When we join the action, Father has gone missing and the orphans find themselves barred from approaching the library. Separately and together the authors set out to find out what happened. As we go along we learn of the astounding cruelty with which Father educated them and the terrible consequences that this has wrought on their psyche's. Indeed, one of my problems with the book was the very detailed depiction of murder, torture and rape. These acts appear to have had a purpose; Father had a plan in mind. But it emerges slowly that the orphans have their own plans, too, and that one of them may be behind Father's disappearance.

I usually try to keep my reviews as spoiler free as possible, but in order to understand my problems with the book I need to delve a little bit deeper into the plot. And so, beware this warning: SPOILERS BELOW.

One of the things that makes it difficult to like Carolyn, the book's protagonist, is that she takes a number of actions that are both staggering in their cruelty and appalling as regards the indifference she shows to both human and animal suffering; people and animals are disposable to her. The fact that the actions are all in support of her plan---it emerges that she is behind Father's disappearance---is somewhat lessened by the knowledge that Father is a despicable creature, but only somewhat because Carolyn's motive is purely and simply revenge for one of Father's acts of cruelty. This is, of course, part of Hawkins's point; the assumption of godlike powers combined with Father's training has made Carolyn lose her humanity.

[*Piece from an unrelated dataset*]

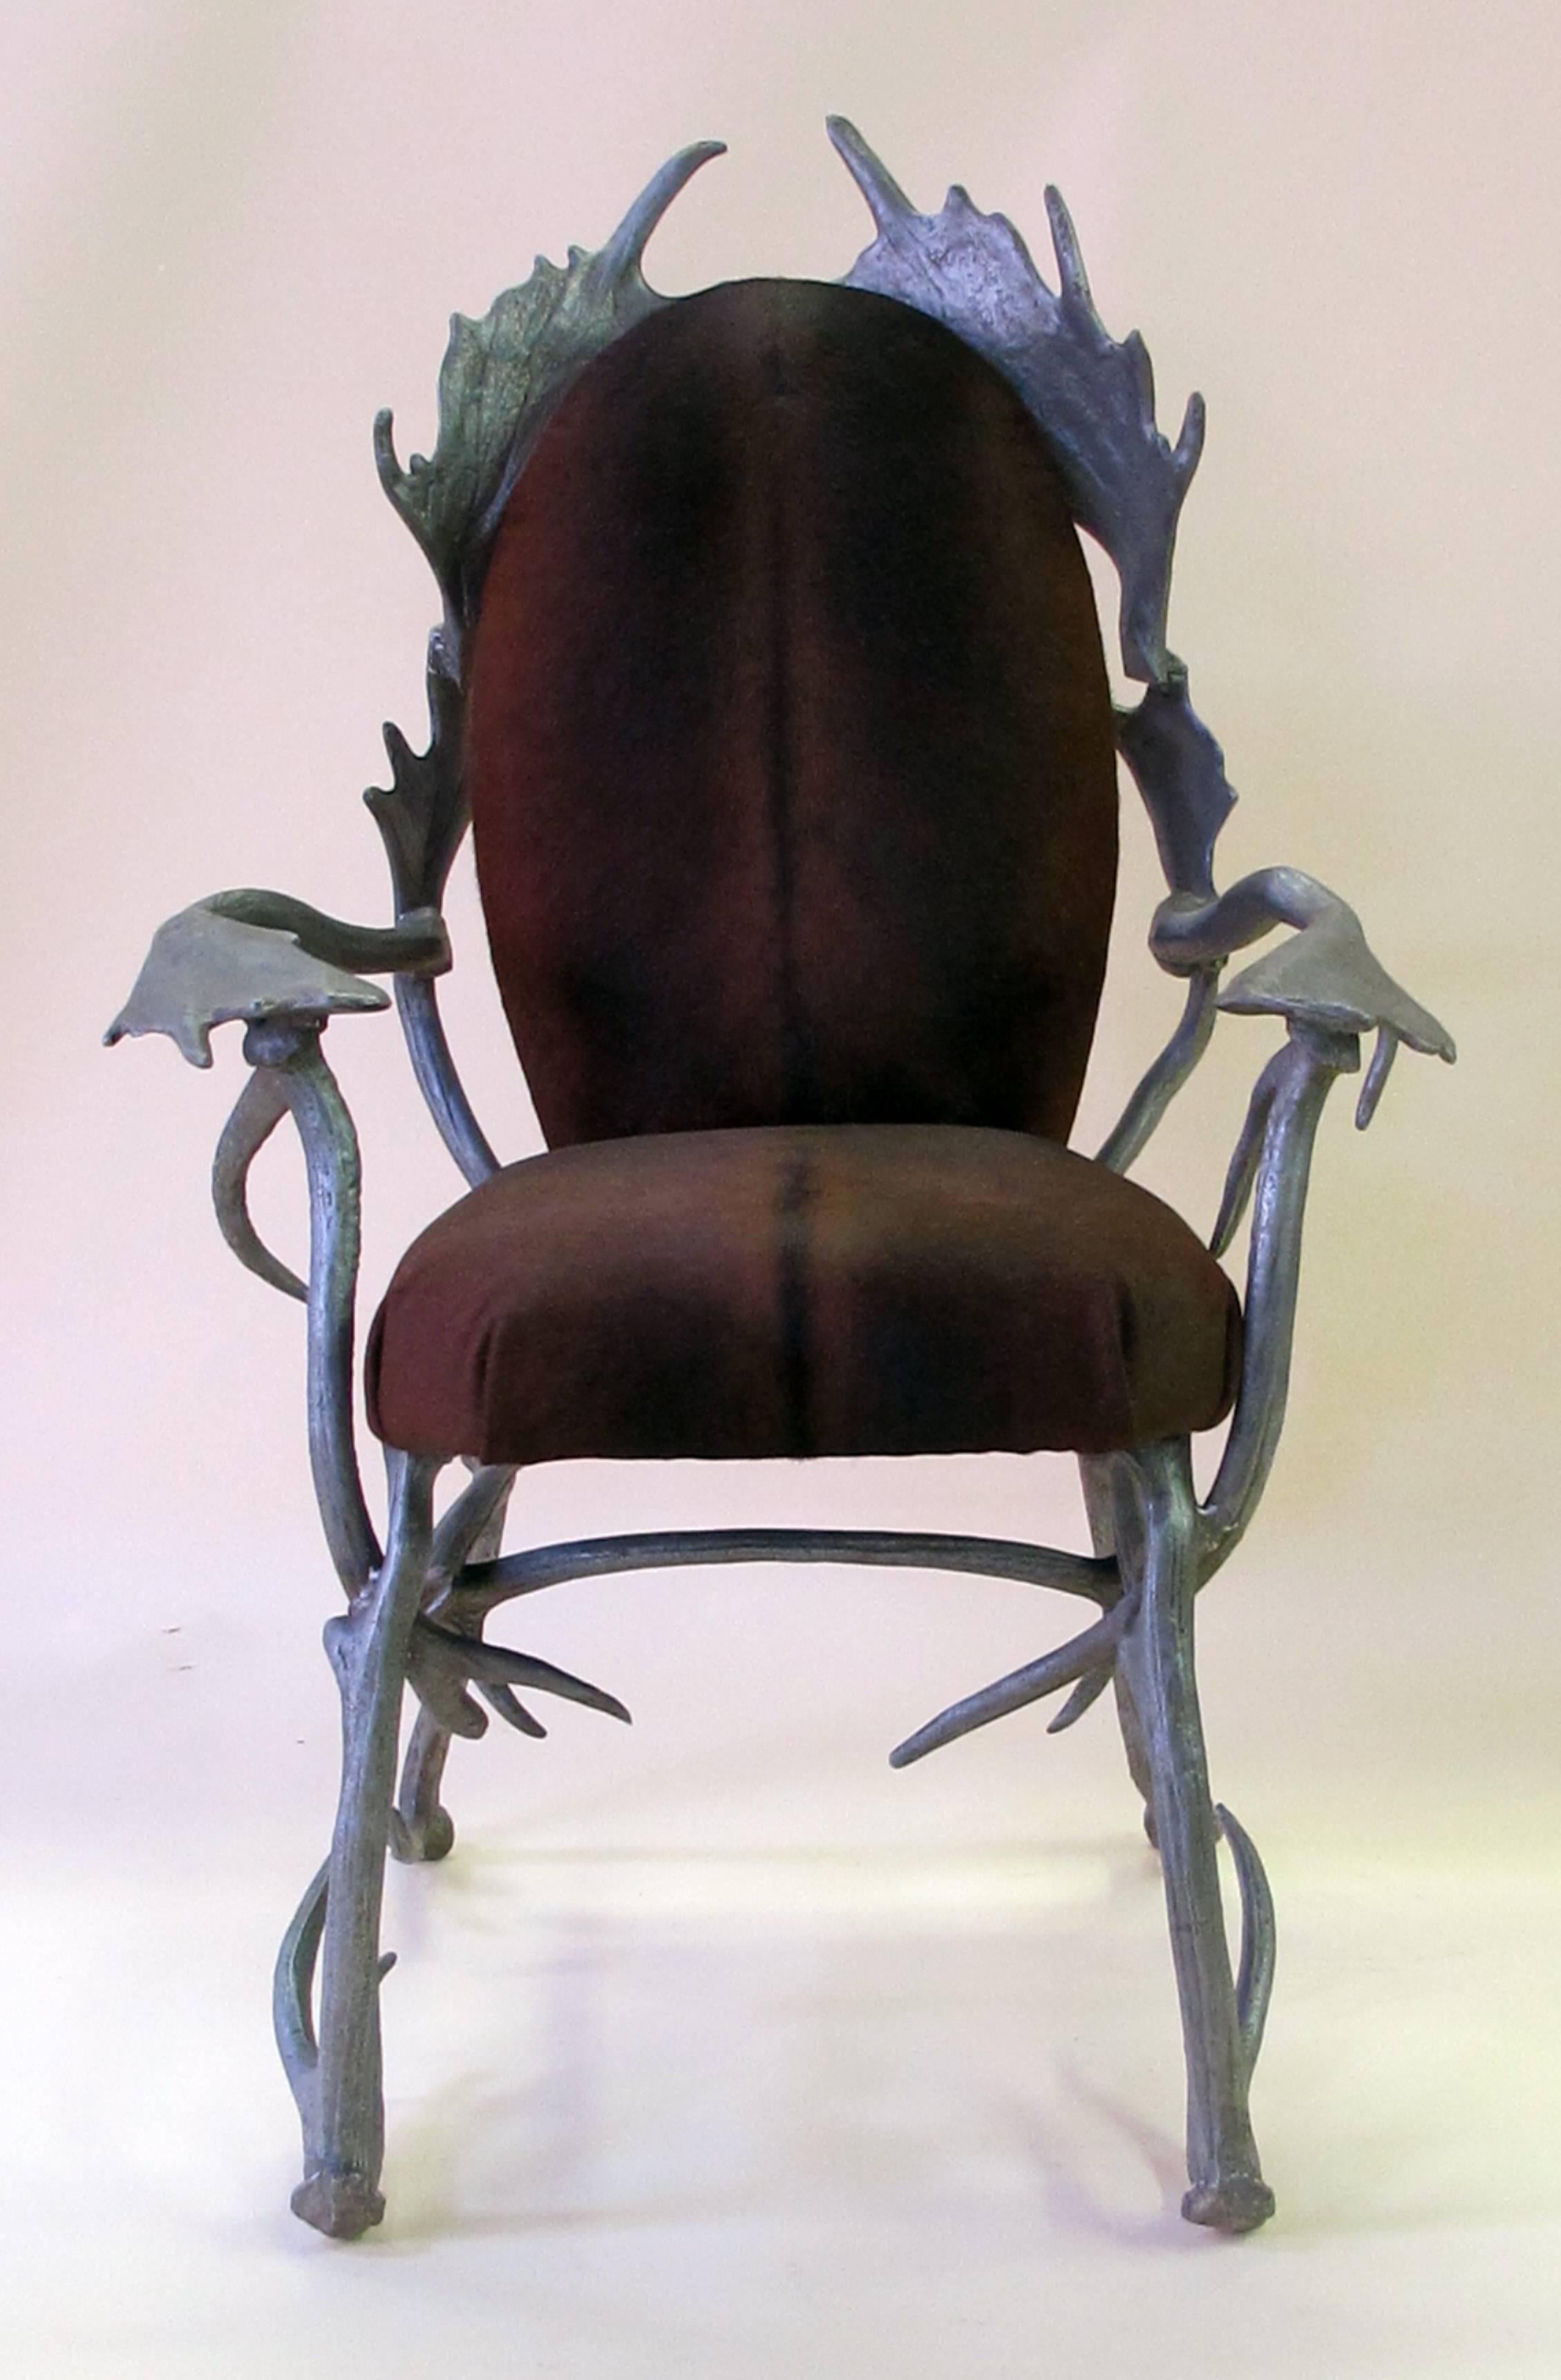 Une paire fantaisiste de fauteuils en bois de cerf en aluminium des années 1970 conçue par Arthur Court, San Francisco (1928-2015) ; un nouveau procédé innovant de moulage de l'aluminium a fait entrer Arthur et Arthur Court Designs dans une nouvelle

About two-thirds of the way through the book, Carolyn's plans succeed and are finally revealed. There is a bit of a god from the machine thing going on here; we never get to see understand Carolyn's implementation of her plan as it goes along so that when it works it all comes as a bit of a surprise. This is explained by the fact that, because her opponents have some power to read minds, she was not able to think about her plans. But it left this reader unsatisfied, as though having watched a heist movie in which the preparations for the heist all occurred off screen, and suddenly the protagonist ends up in possession of the stolen goods.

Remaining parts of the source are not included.